Jeśli pomnożę moją IZOLACJĘ, czyli wynik 86400, o którym wspomniałem na początku, przez ilość zagranych koncertów, ilość prób i godzin ćwiczeń, dochodzę do ogromnych liczb, które same w sobie nie mają jakiegokolwiek znaczenia. Nasze mózgi nie są w stanie zrozumieć i przetworzyć tych wartości na jakieś konkretne wnioski i przydatne informacje. Podobnie jak liczby, dane, miary odległości i wielkości w kosmosie są dla większości ludzi bezużyteczne i na poziomie poznawczym nie wnoszą nic w nasze życie. Jednak istnieją i mają wpływ na wszystko co nas otacza.

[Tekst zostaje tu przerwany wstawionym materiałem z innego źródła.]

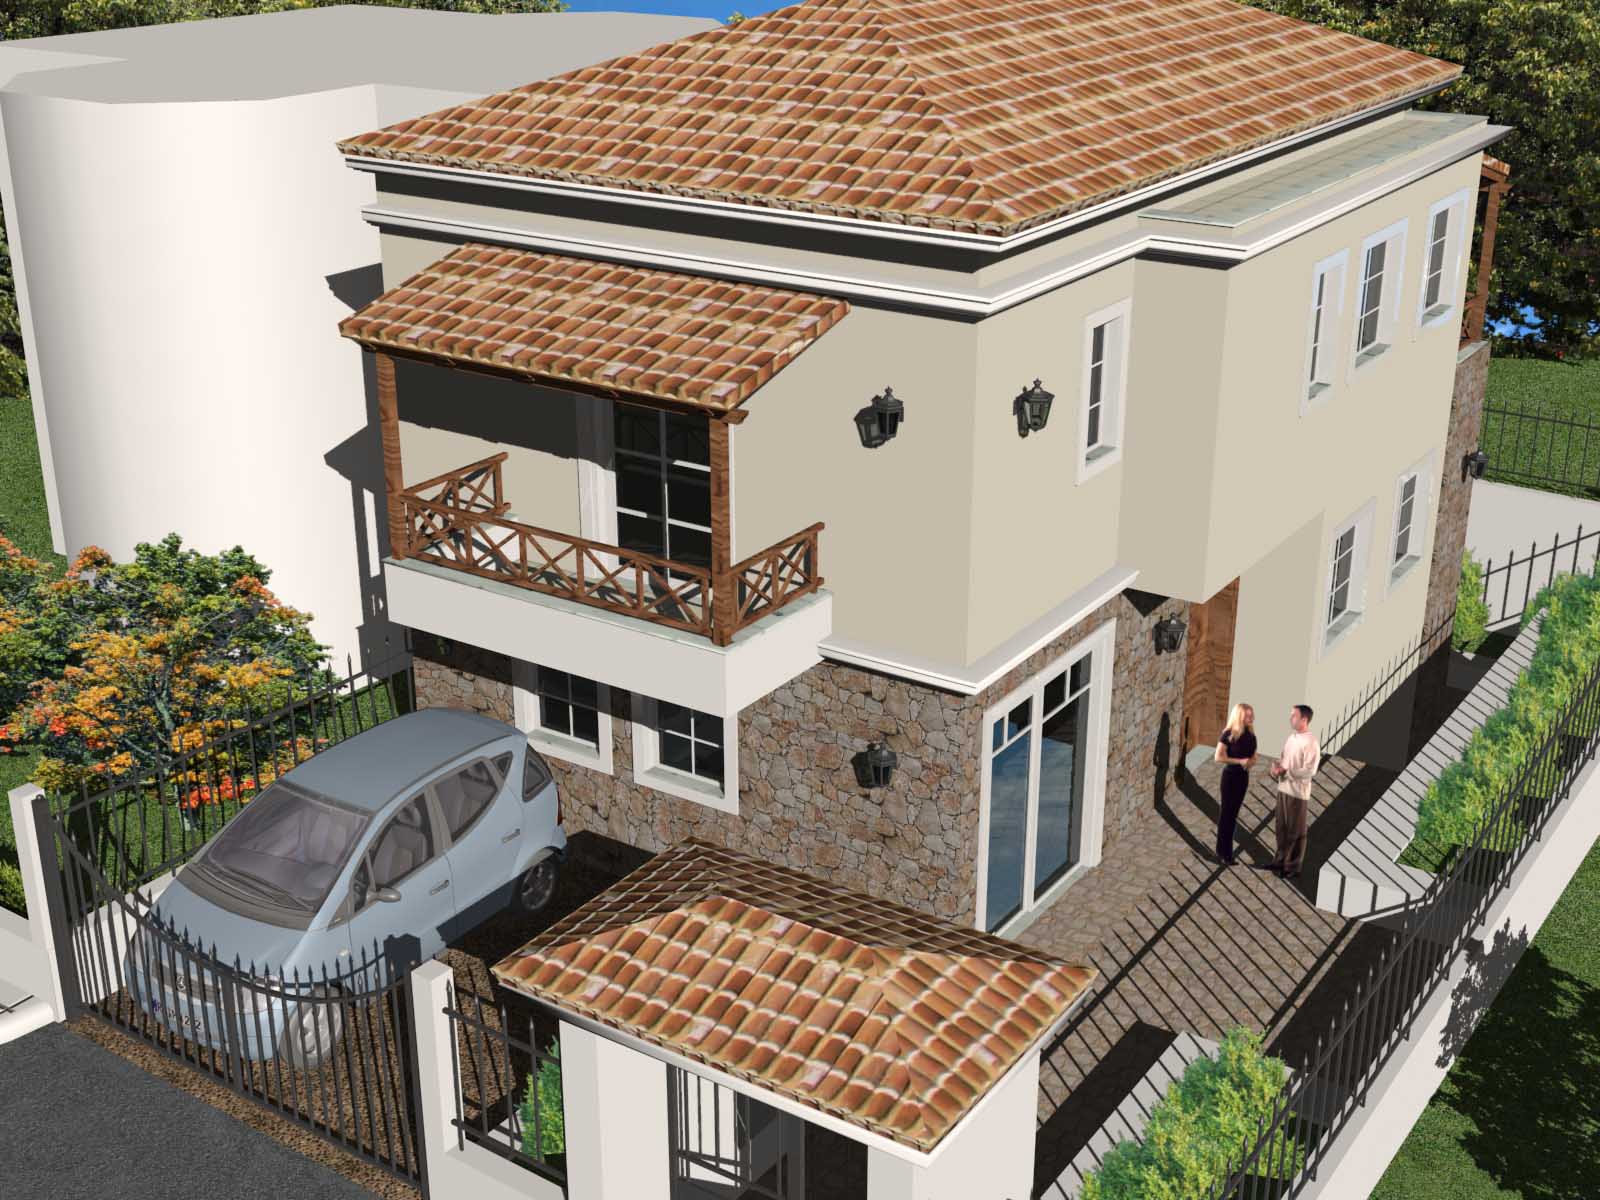 διώροφη μονοκατοικία σύμμεικτη μεταλλική κατασκευή από 790 € / μ2

Wiem, że nie piszę tu nic nowego, ze względu na ograniczoność swojej wiedzy i werbalnych możliwości nie mam takich ambicji. Chcę tylko powiedzieć, że są w naszym życiu rzeczy niezmienne i cykliczne wpisane w naszą codzienność od bardzo dawna. Czynności, związki, relacje, schematy i wynikająca z nich powtarzalność, która również może ograniczać i odbierać nam wiele możliwości działania. Doceniajmy i traktujmy je wszystkie jako elementy, które poprzez swoją stałość pozwalają nam dostrzec zmiany, inspirują do ciągłego poszukiwania, warunkują nasz rozwój i zmieniają nasze życie na lepsze.
————————————————————–
Kuba Staruszkiewicz – perkusista i producent muzyczny. Od 1996 roku tworzy i współpracuje z artystami z rozmaitych środowisk. Brał udział w nagraniu ponad czterdziestu wydawnictw płytowych, ścieżek dźwiękowych do filmów, spektakli teatralnych i radiowych oraz w różnego rodzaju produkcjach multimedialnych.
Od 2001 roku przez ponad dekadę związany był z zespołem Pink Freud z którym nagrał pięć albumów. Równocześnie współpracował z przedstawicielami sceny yassowej i jazzowej, Olem Walickim, Tymonem Tymańskim, Leszkiem Możdżerem, Marcinem Maseckim, Tomaszem Stańko, Piotrem Pawlakiem, Mikołajem Trzaską. Uczestniczył w koncertach i nagraniach m.in Barbary Wrońskiej, Brodki, Kasi Nosowskiej, Ani Dąbrowskiej, Gaby Kulki, Natalii Grosiak, Pauliny Przybysz, Smolika, Zbigniewa Wodeckiego, Skubasa, Tomka Organka, Piotra Roguckiego i wielu innych. W 2018 Staruszkiewicz wraz Dawidem Podsiadło, Kortezem i Krzysztofem Zalewskim brał udział w 9ej odsłonie orkiestry Męskiego Grania z którą nagrał utwór Początek. W tym samym roku był odpowiedzialny za stworzenie aranżacji i części muzycznej widowiska Sopot Remake 68. W roku 2019 pod nazwą Pat Jacob, ukazał się materiał z utworami i piosenkami inspirowanymi folkiem i muzyką islandzką, skomponowany i wyprodukowany wraz z Patem Stawińskim. Obecnie współpracuje z Marią Peszek, Natalią Przybysz, Krzysztofem Zalewskim i Muńkiem Staszczykiem.